When would NFL tap $4 billion in media fees?

The NFL is not budgeted to use the $4 billion in media fees that are at the center of a bitter dispute with the players union until a potential second year of a lockout, according to two well-placed sources.

The NFL Players Association has appealed to a federal district court judge a special master’s decision last week allowing the NFL to use those funds in the event of a lockout, which could begin as early as March 4. However, the NFL is not planning to tap the media money until March 2012, if necessary, the sources said, apparently making the outcome of the appeal largely moot in the context of the heated labor debate. Most observers expect the league and union to reach a new labor deal long before spring 2012.

If it’s true that the NFL does not even need the media money right away, it shows that the NFL has prepared for a doomsday scenario, said Bill Gould, a Stanford University law professor who writes on sports labor and is a former chairman of the National Labor Relations Board.

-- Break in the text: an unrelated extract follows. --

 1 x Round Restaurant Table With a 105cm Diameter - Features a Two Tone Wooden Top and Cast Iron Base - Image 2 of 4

“The NFL has a lot of resources,” Gould said. “They can afford to be patient.” The players, Gould added, who were already nervous about what a work stoppage could mean for them may now have reason to be even more concerned.

Grubman
The NFL declined to comment for this story, but last month, the league’s executive vice president of NFL ventures and business operations, Eric Grubman, told reporters, “There are a lot of risks we account for, and to prepare for them, we line up sources of capital. [The TV money] is only one. We have other sources of capital that we lined up to account for any risk that we can think of that might face the league.”

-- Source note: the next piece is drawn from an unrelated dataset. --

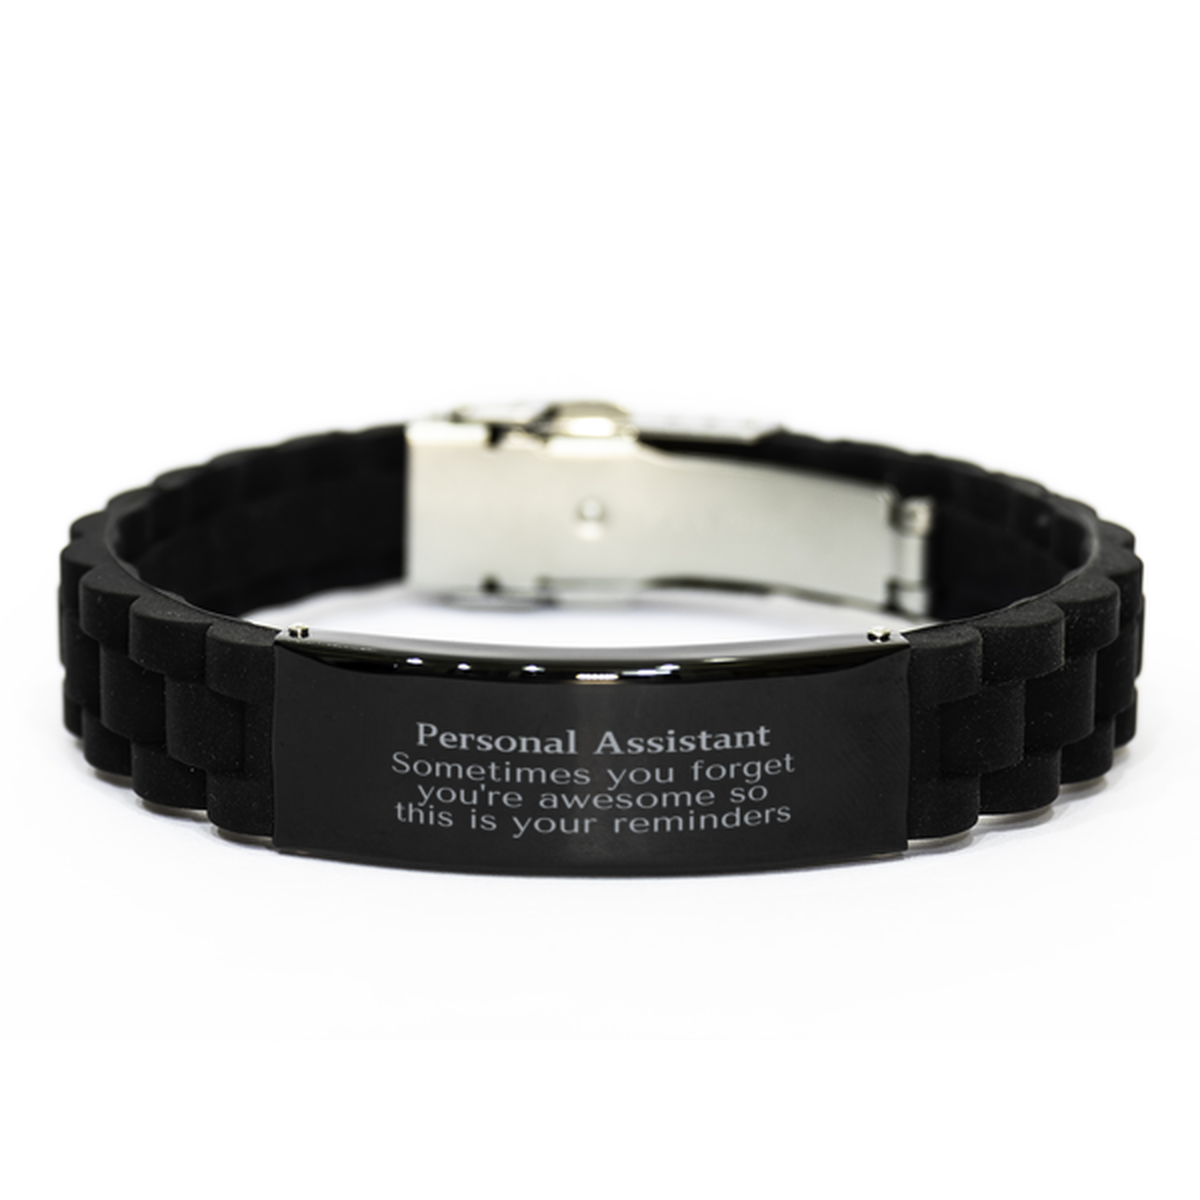 Sentimental Personal Assistant Black Glidelock Clasp Bracelet, Personal Assistant Sometimes you forget you're awesome so this is your reminders, Graduation Christmas Birthday Gifts for Personal Assistant, Men, Women, Coworkers

The union has aggressively challenged the league’s control of the TV money, charging that the NFL negotiated below-market rates for the broadcast deals in exchange for a promise that the money would flow whether games are played or not. The league is required to maximize revenue under the collective-bargaining agreement. Underlying the charge, of course, is that the money is critical for keeping the owners afloat during a labor disturbance.

“Now for the good news: The NFL, until the appeal in Minnesota, has $4 billion to not play football next year. VICTORY!”, union spokesman George Atallah tweeted soon after the decision on Tuesday. Atallah did not reply for comment for this story. The district court that the NFLPA has appealed to is in Minnesota.

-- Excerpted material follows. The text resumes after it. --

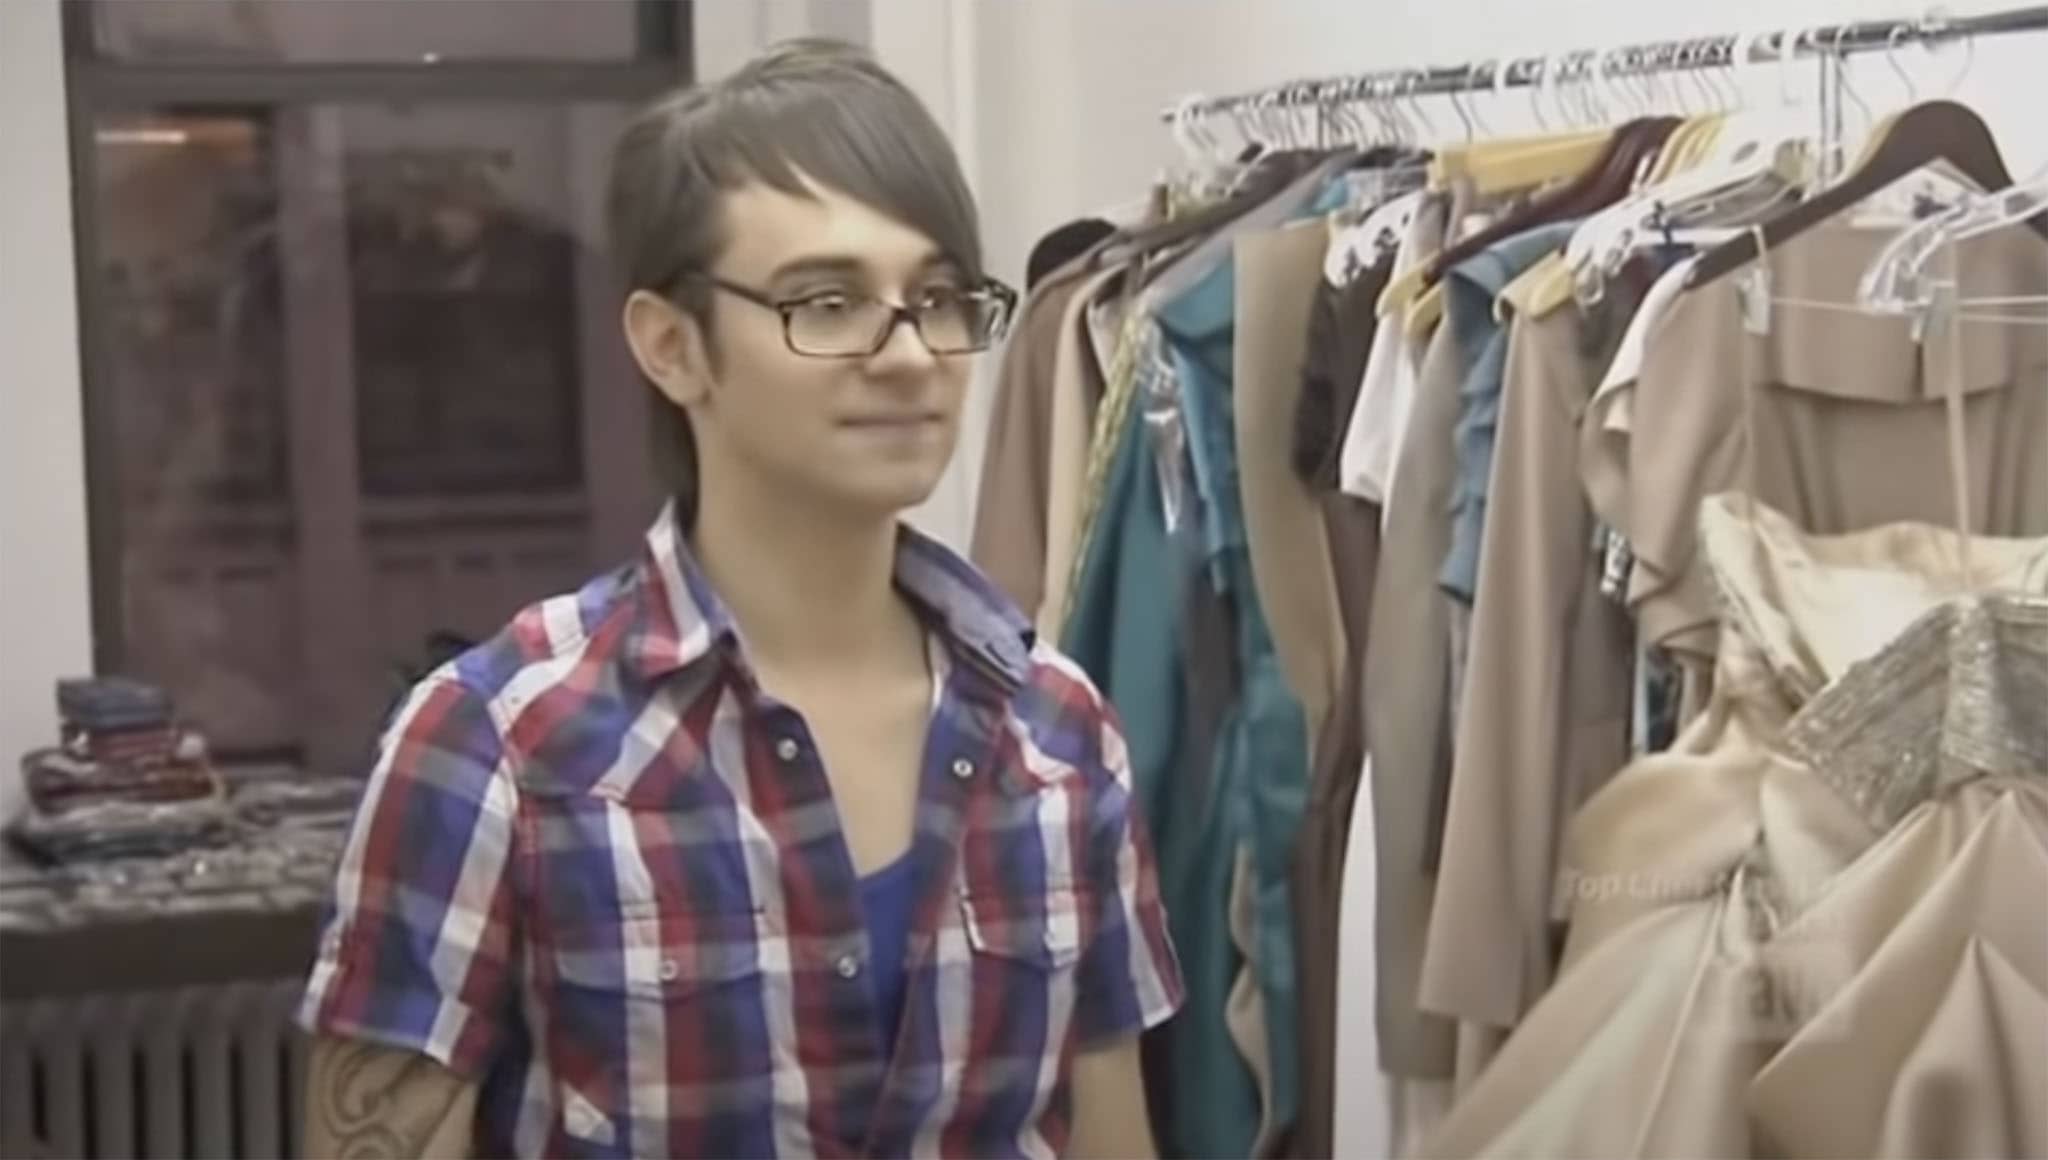 Christian Siriano became the youngest winner of Project Runway when he won the fourth season of the reality TV series in 2008

The NFL already is building a $900 million lockout fund, seeded with national revenue the league has held back from teams along with savings from teams not paying players non-health care benefits last year. Under terms of the CBA, the teams’ obligation to pay these benefits, such as life insurance and pension-plan payments, ceased with the expiration of the salary cap last March.

The union spent heavily to lobby its case with the special master, Stephen Burbank, who under the CBA hears disputes between the sides. The NFL said the union spent twice the more than $6 million Burbank awarded the union, a penalty tied to what he judged as the mistiming of whether some TV money should have been counted in 2010 or 2011.

The union used two law firms to argue its case, a source said: Dewey & LeBoeuf, its longtime legal adviser, as well as Latham & Watkins. NFLPA Executive Director DeMaurice Smith worked for Latham & Watkins until 2006, when he moved to Patton Boggs. He left Patton Boggs when he assumed the NFLPA post in 2009.

The NFL has emphasized that the TV money has to be repaid, with interest, after games resume, presuming some of the 2011 season is lost. Grubman, speaking last month, said to think of the money as debt.

“This is cash money lost we can’t spend,” he said. “We have other sources we can tap, not just the money that is the subject of the [special master].”